Stuff like “Desert Storm” or “Iraqi Freedom” is, indeed, politically directed. And it is true that operations can be descriptive. Jade Helm sounds random as hell to me.

In typical DoD practice, the first word is a category. So all things JADE might be stateside military exercises or some such. I do not know what the JADE category actually means.

The second word is always simply an arbitrary word picked from a list of approved words spit out by an NSA randomizer. It means nothing exactly on purpose. That way bad guys can’t infer anything from the names JADE HELM vs. JADE BLUEBIRD vs. JADE PIZZA.

During my Cold War days if the duty NCO banged on your door at 0300 yelling, “Lariat Advance!” It meant grab all your crap, Russia is attacking. As far as I know it was totally random.

**I’m not in anyway saying Jade Helm does or does not have another purpose other than exercising, but I doubt they hid their purpose in the name.

Also the actual name is Jade Helm 15 not 5.**

I mention this before, but I still read JADE HELM as Jem’Hadar.:smiley:

Did JADE HELM 4 mysterious disappeared, and is JADE HELM 5 our last best hope for peace?:smiley:

I’m leaving…:stuck_out_tongue:

Random mission names can be changed to sell a high-profile/controversial mission to the public. The U.S. invasion of Panama was called “Operation Blue Spoon” before being renamed “Operation Just Cause” for political reasons.
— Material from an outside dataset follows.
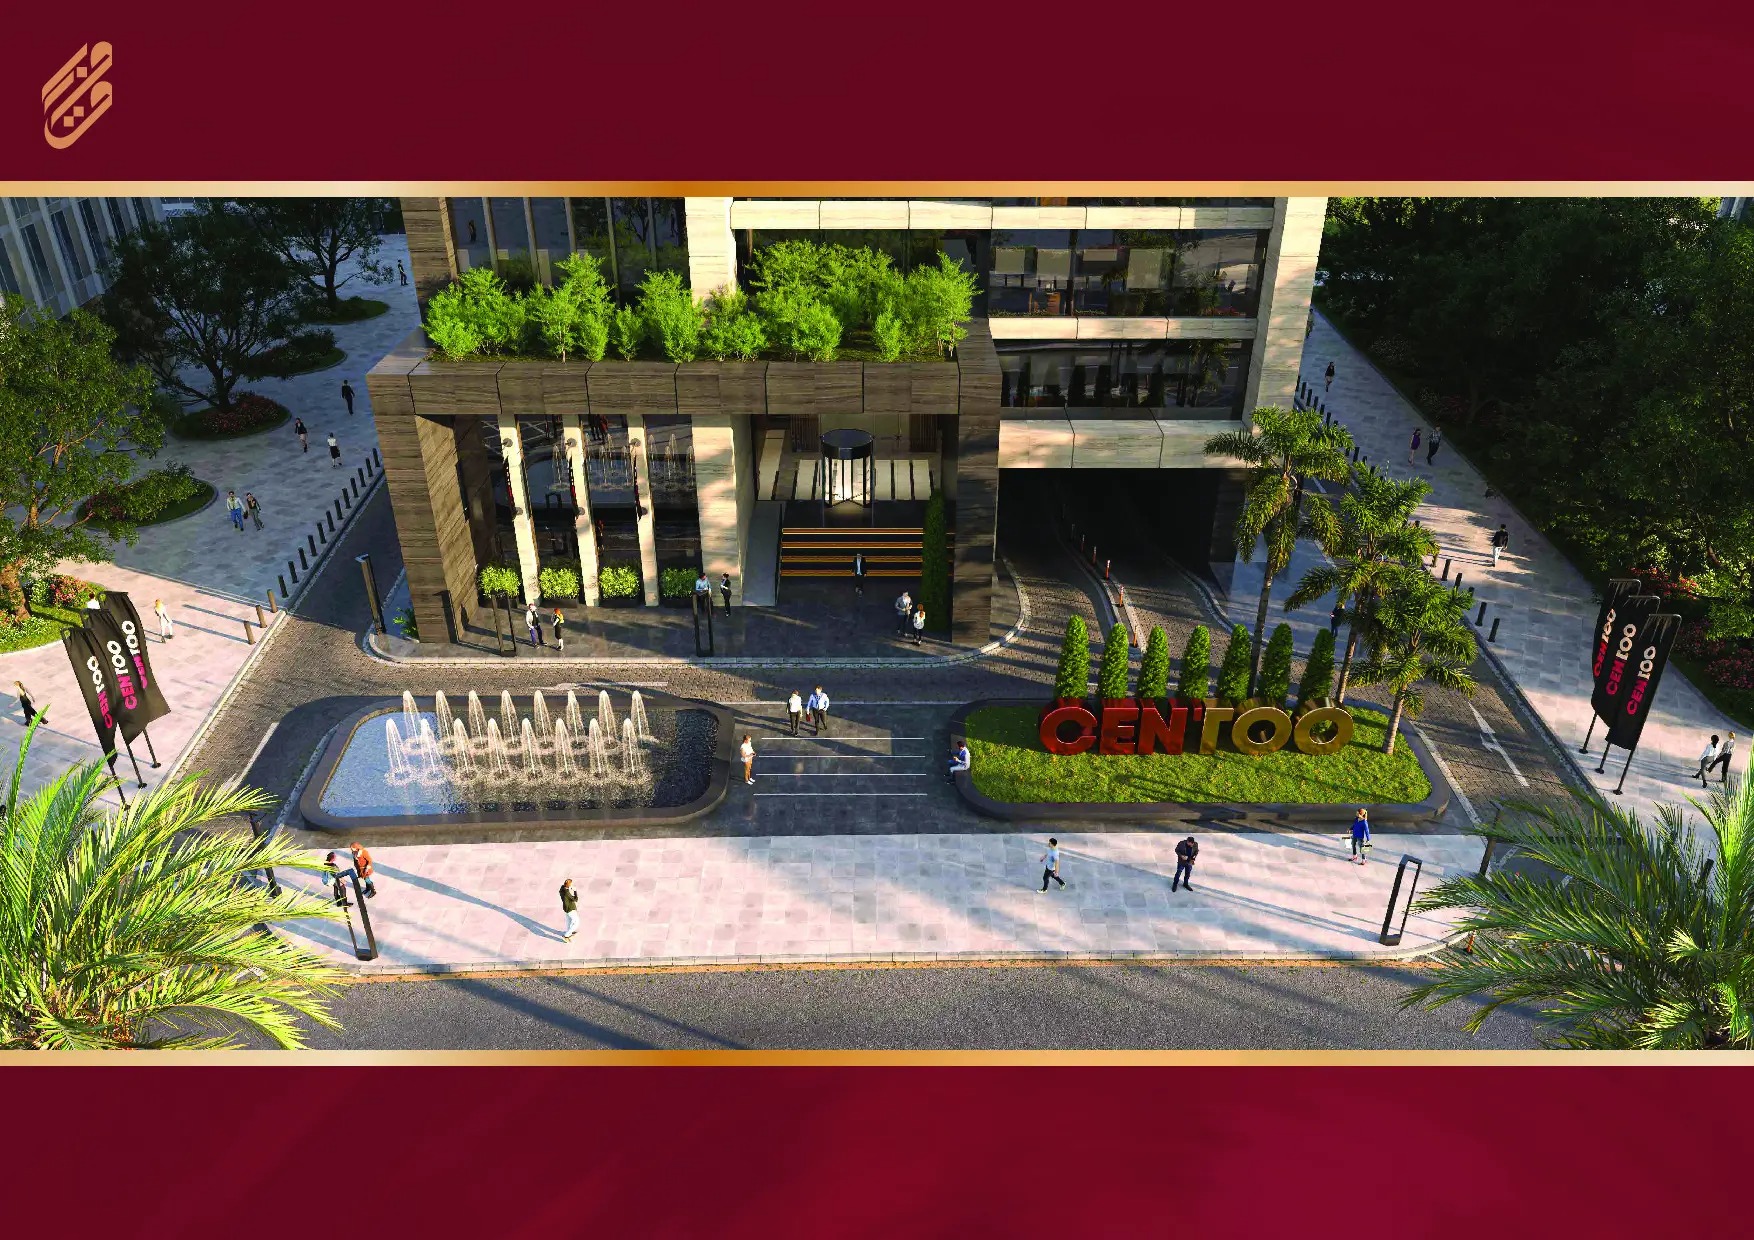 مول سنتو بيزنس العاصمة الإدارية الجديدة بروق – Centoo Business Complex New Capital Mall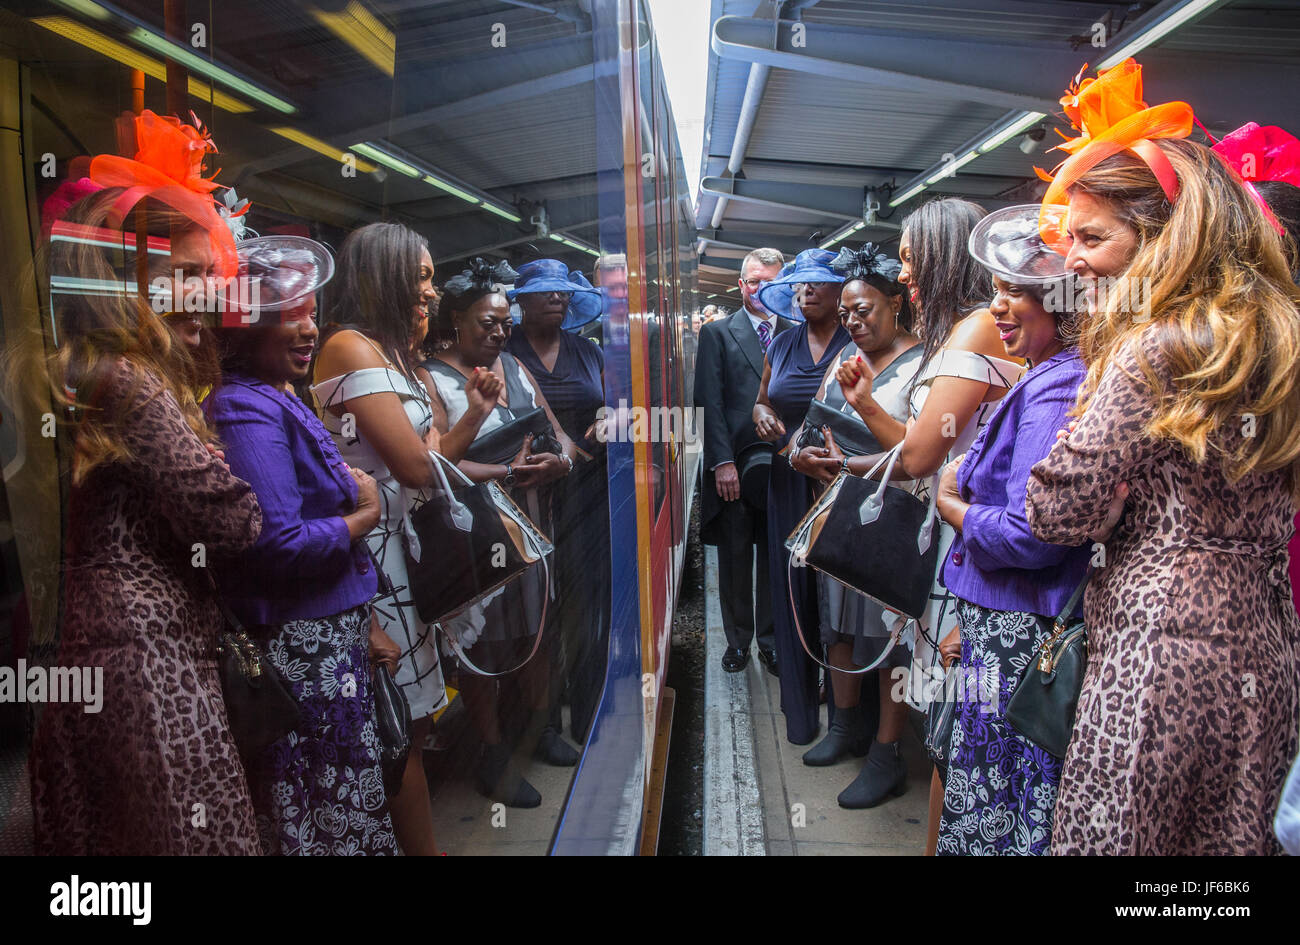 Racegoers a Londra Waterloo sul loro modo di Royal Ascot sul Signore giorno in attesa a bordo del treno Foto Stock

This fits well with the ‘HAVE’ programs. Thank you.

It might be in one of those too, but I recall the topic of randomizing operation names came up in Hunt for Red October, where the name assigned was something musical – Mandolin, IIRC – which results (slightly humorously) in Jack Ryan sending messages back to the CIA “coded” by belaboring the mandolin concert theme: e.g., “concert scheduled for tonight, expect positive reviews” (made contact, going OK but not final success) or “concert went well, excellent reviews” (success).

JADE HELM 1-4 were…not entirely successful. JADE HELM 5 is a totally new approach.

I’m not aware of any other exercise using the term “Jade.”

One somewhat analagous exercise for Army Special Operations Command is Robin Sage, in which A-teams are deployed to parts of North Carolina – excuse me, “Pineland” – for a capstone exercise.

Like was mentioned earlier, I think the convention of having the first word be descriptive of a category of things is not as readily applied to exercises. As was said before, we’ve all heard of Cobra Gold in Thailand, but I’m not familiar with a Cobra Chicken in the Philippines or a Cobra Hooker in… well, that would probably be in Thailand, too.